Instructions for the task =>
Show each line of the data below in which "with" occurs.

Given entries =>
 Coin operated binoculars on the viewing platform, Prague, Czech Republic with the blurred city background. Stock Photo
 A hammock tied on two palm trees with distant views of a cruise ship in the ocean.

* * *

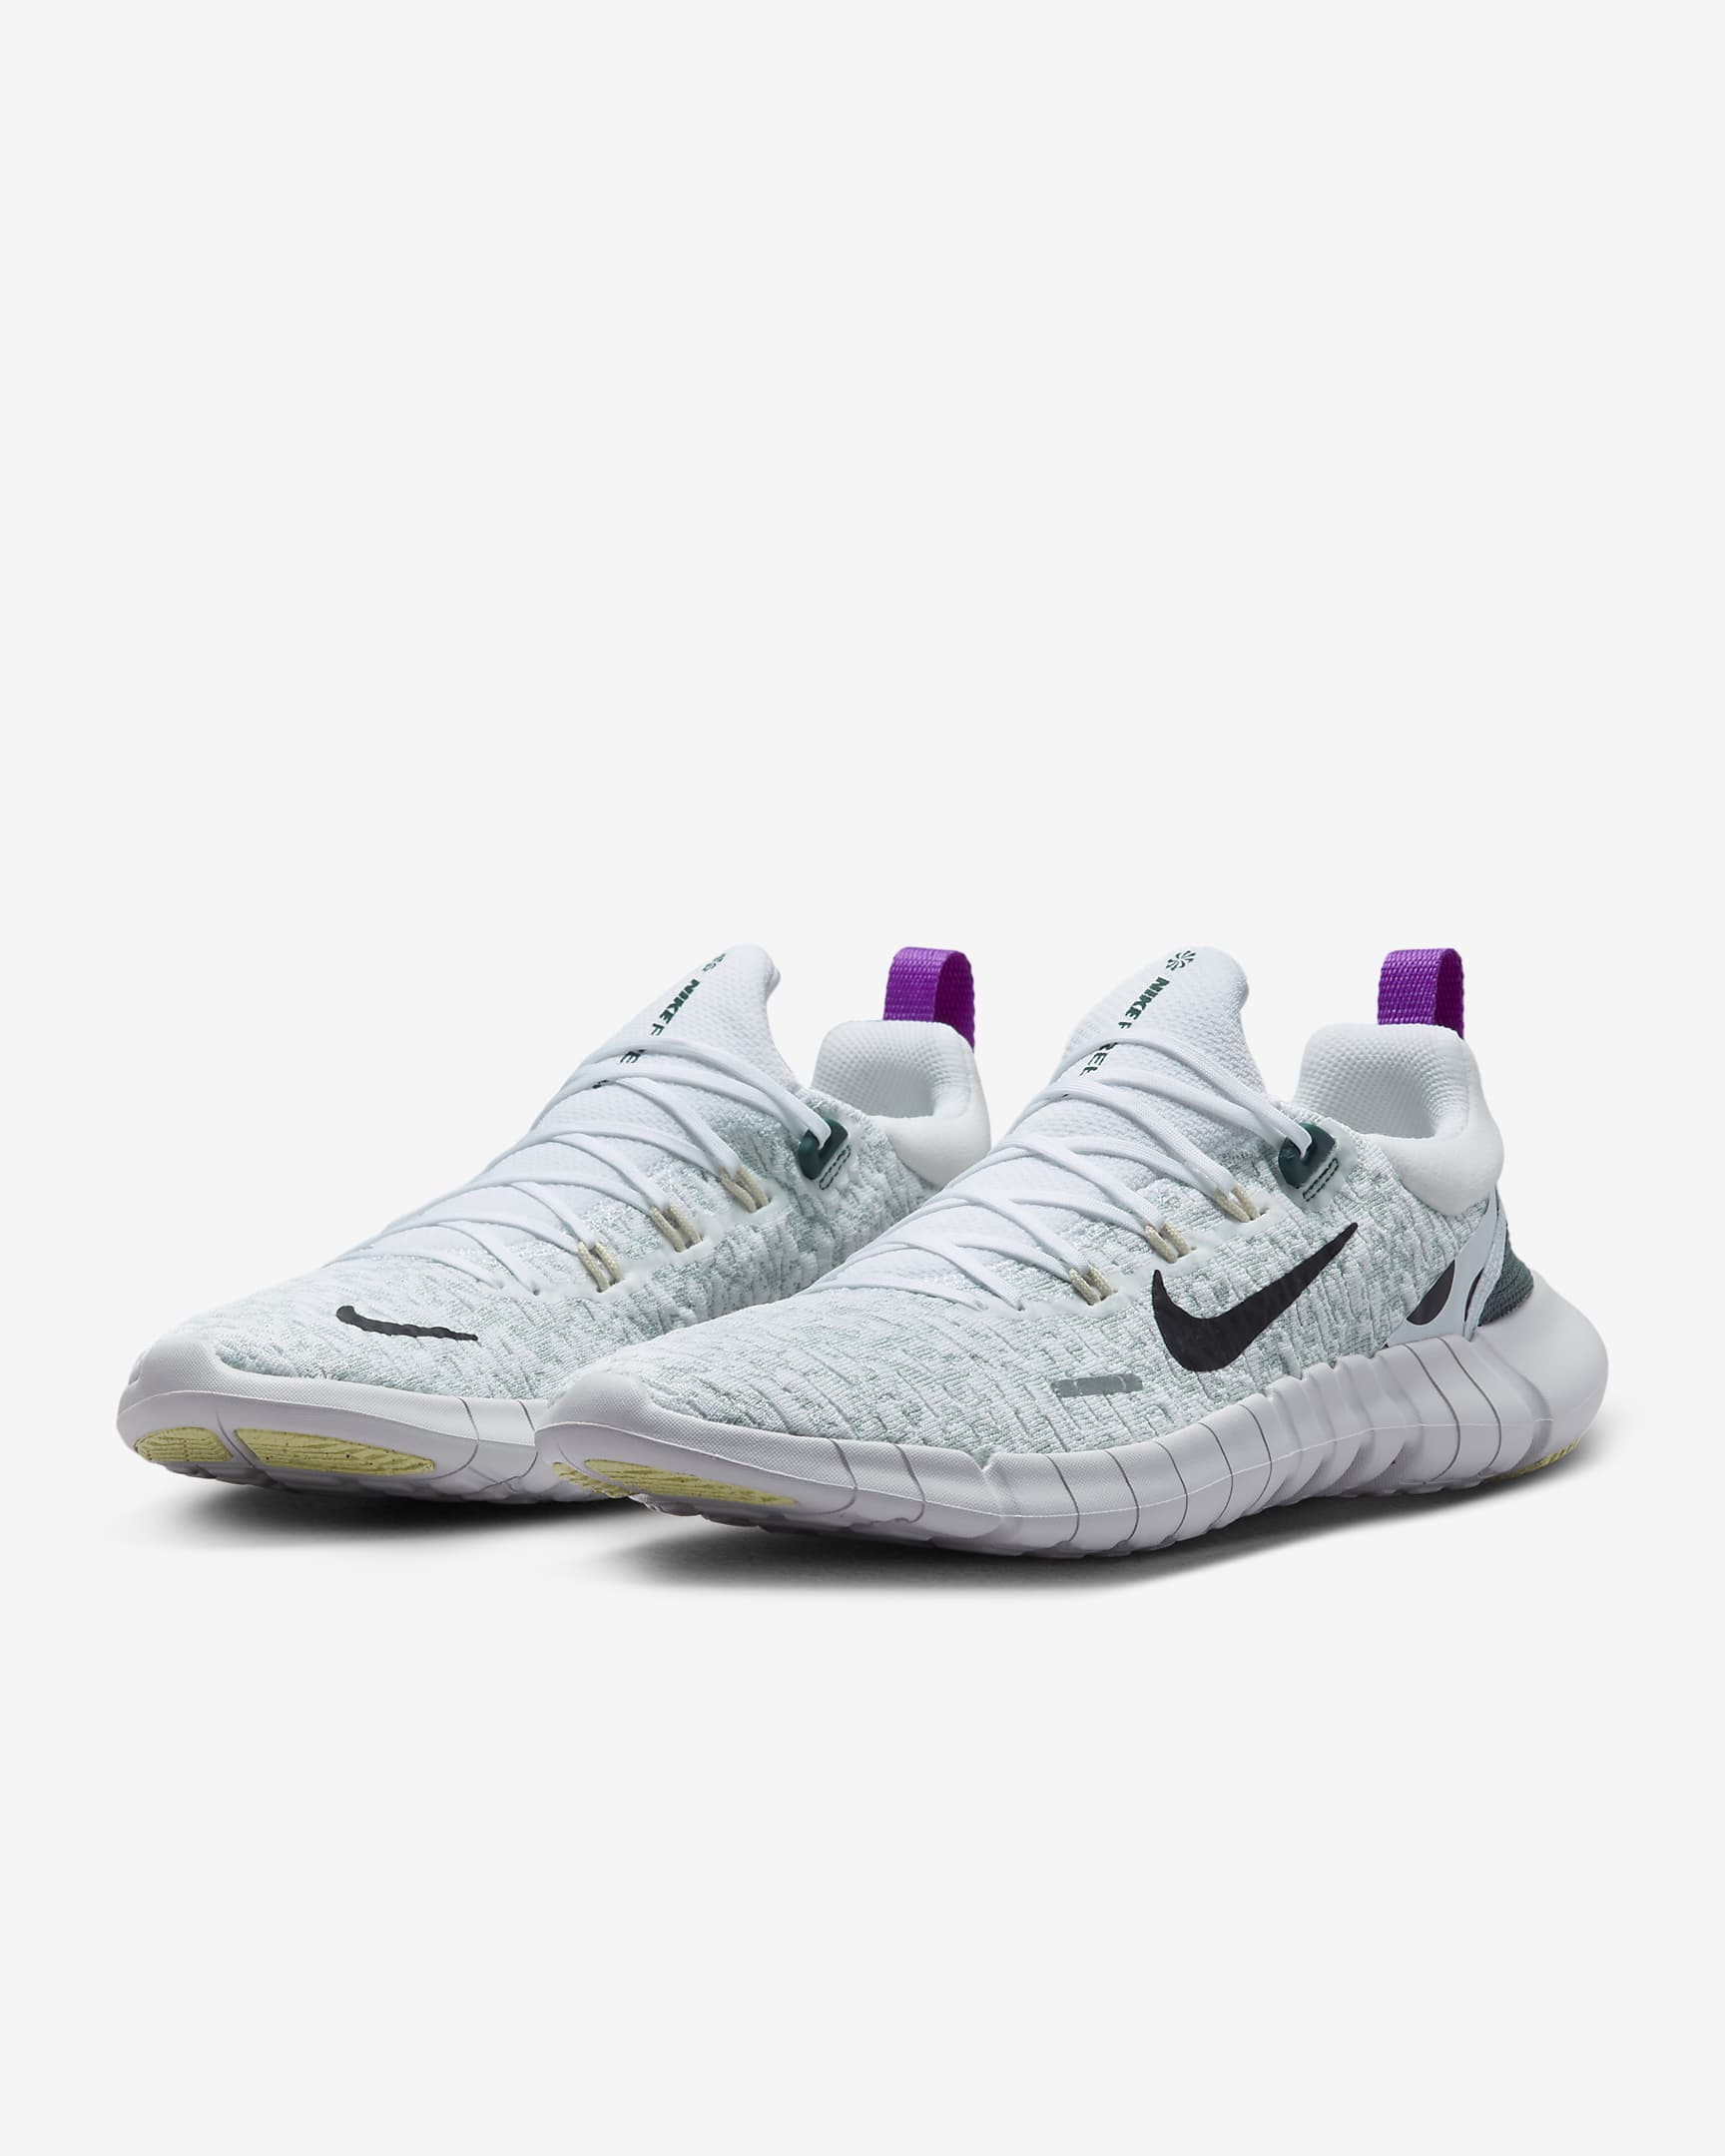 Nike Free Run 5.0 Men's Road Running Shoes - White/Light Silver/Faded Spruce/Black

---

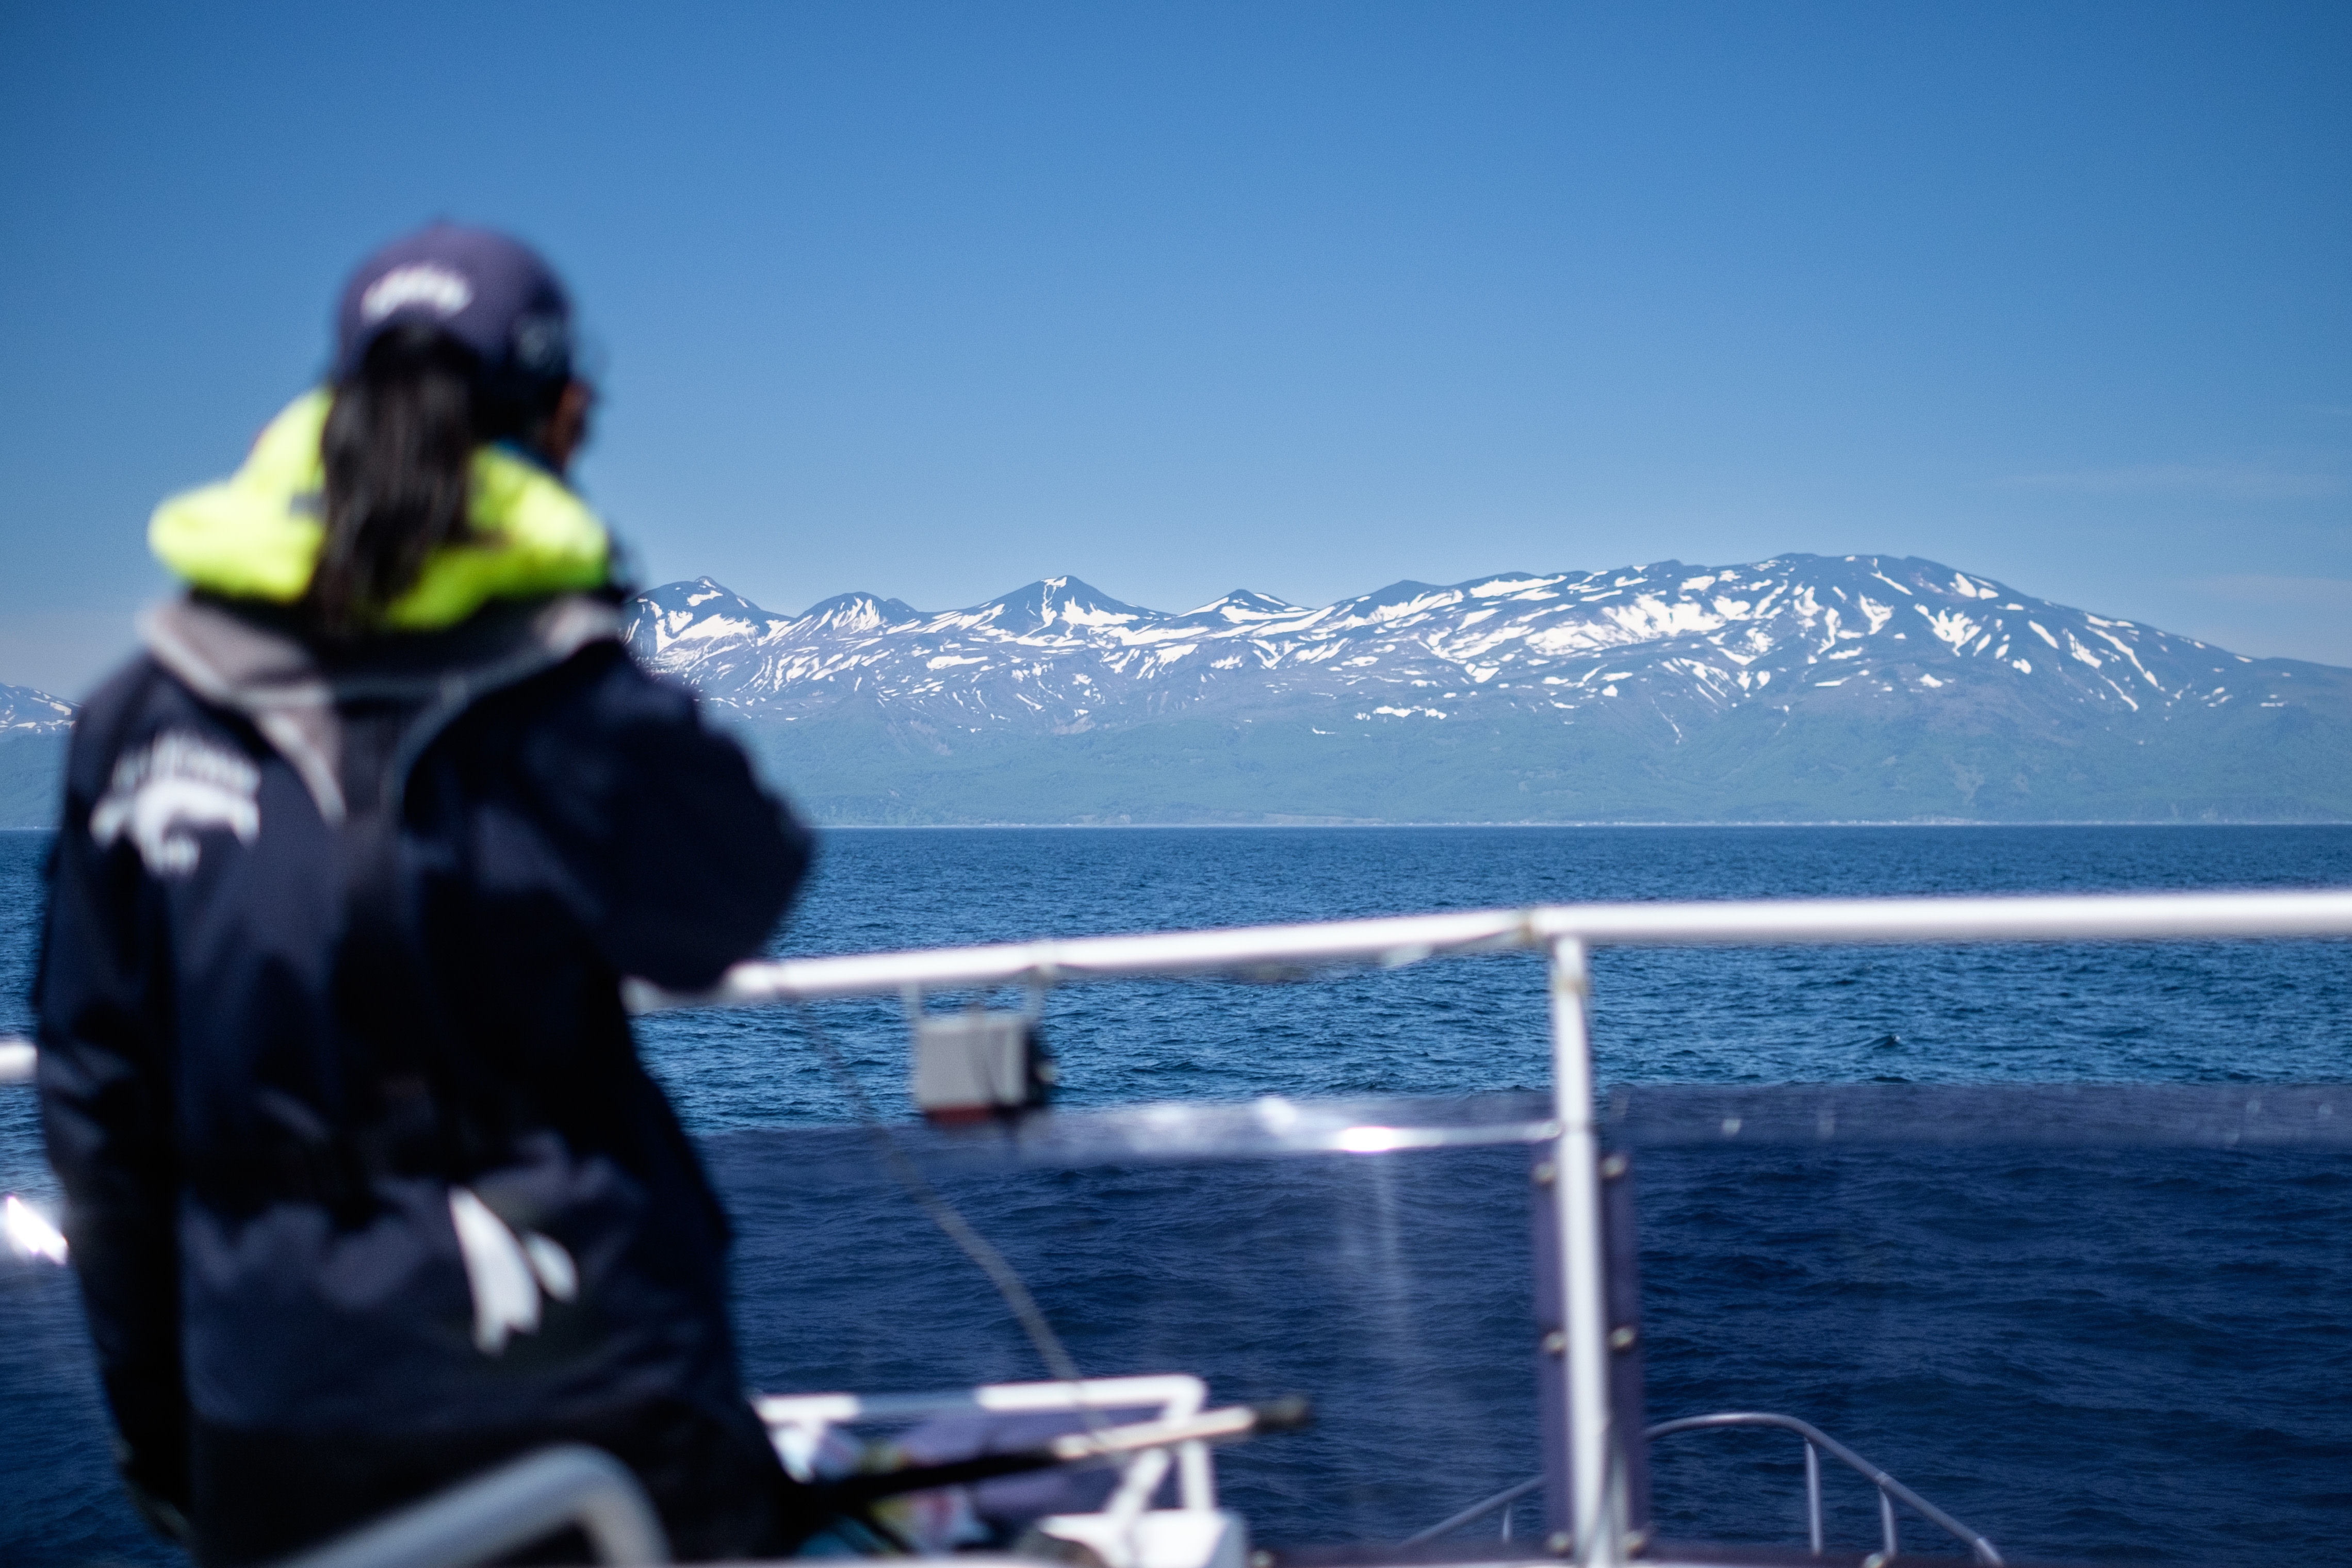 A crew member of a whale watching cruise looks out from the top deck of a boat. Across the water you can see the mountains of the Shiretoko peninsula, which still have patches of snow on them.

Task solution =>
 Coin operated binoculars on the viewing platform, Prague, Czech Republic with the blurred city background. Stock Photo
 A hammock tied on two palm trees with distant views of a cruise ship in the ocean.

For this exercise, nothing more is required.